Moreover, PRDM5 was a goal of miR-495, and mRNA and protein ranges of PRDM5 have been negatively regulated by miR-495. miR-495 overexpression may cut back the hypoxia-induced PC-12 cell apoptosis, whereas PRDM5 overexpression abolished this inhibiting impact. The agomir-495 was injected into ASCI rats, and Bcl-2 protein stage and BBB rating have been elevated, however the PRDM5 overexpression reversed these outcomes. Overall, we concluded that miR-495 may inhibit neuronal cell apoptosis and relieve acute spinal cord injury through inhibiting PRDM5.
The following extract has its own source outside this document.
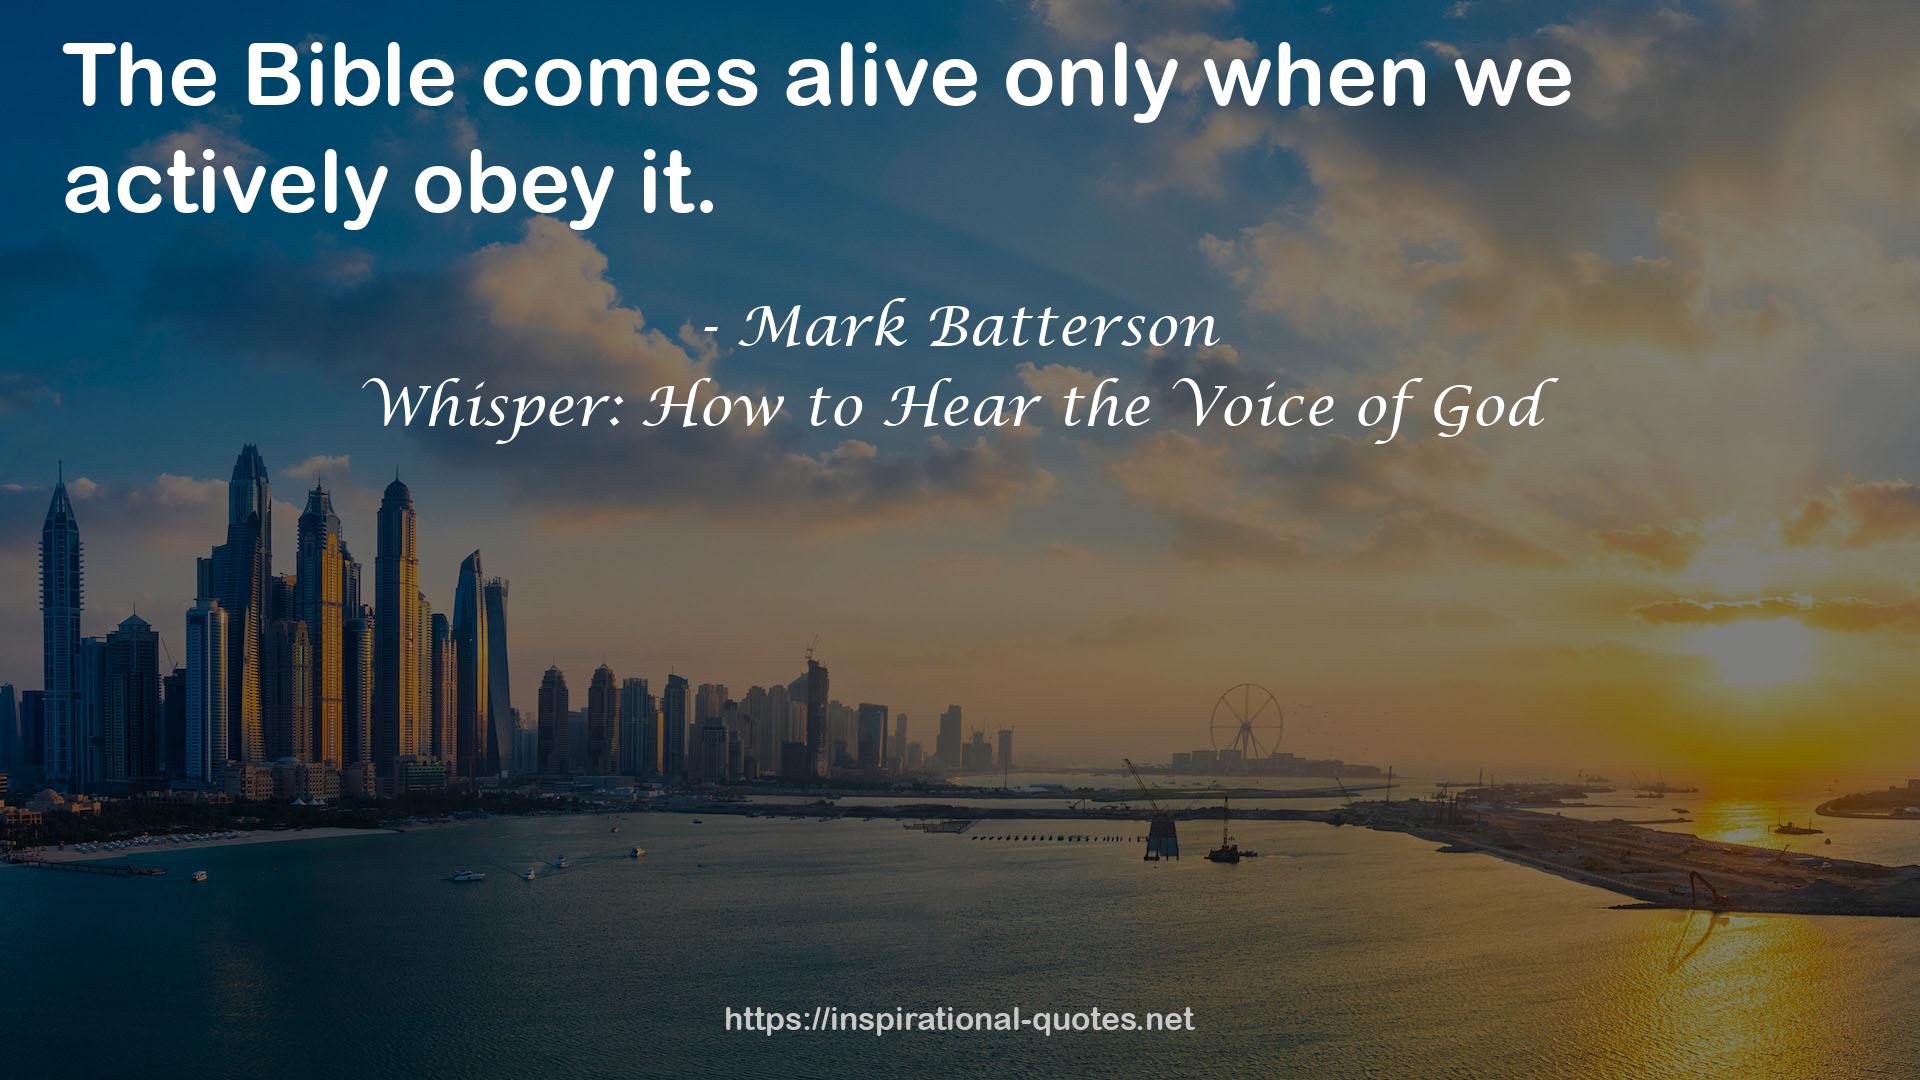 Whisper: How to Hear the Voice of God QUOTES
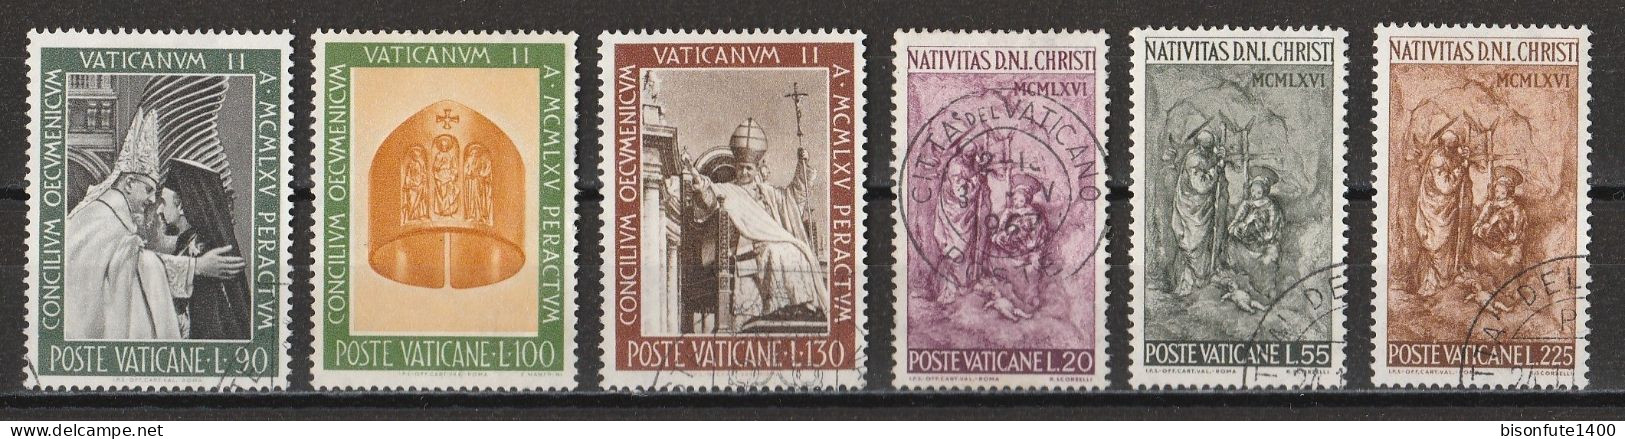 Vatican 1966 : Timbres Yvert & Tellier N° 451 - 452 - 453 - 454 - 455 - 456 - 457 - 458 - 459 - 460 - 461 - 462 -....... - Usados

Second-Order Orbital Optimization with Large Active Spaces Using Adaptive Sampling Configuration Interaction (ASCI) and Its Application to Molecular Geometry Optimization
Recently, chosen configuration interplay (SCI) strategies that allow calculations with a number of tens of lively orbitals have been developed. With the SCI subspace embedded within the imply area, molecular orbitals with an accuracy akin to that of the whole lively area self-consistent area methodology will be obtained. Here, we implement the analytical gradient concept for the single-state adaptive sampling CI (ASCI) SCF methodology to allow molecular geometry optimization.
The ensuing analytical gradient is inherently approximate because of the dependence on the sampled determinants, however its accuracy was adequate for performing geometry optimizations with giant lively areas. To acquire the tight convergence wanted for correct analytical gradients, we mix the augmented Hessian (AH) and Werner-Meyer-Knowles (WMK) second-order orbital optimization strategies with the ASCI-SCF methodology. We take a look at these algorithms for orbital and geometry optimizations, display functions of the geometry optimizations of polyacenes and periacenes, and talk about the geometric dependence of the traits of singlet ASCI wave features.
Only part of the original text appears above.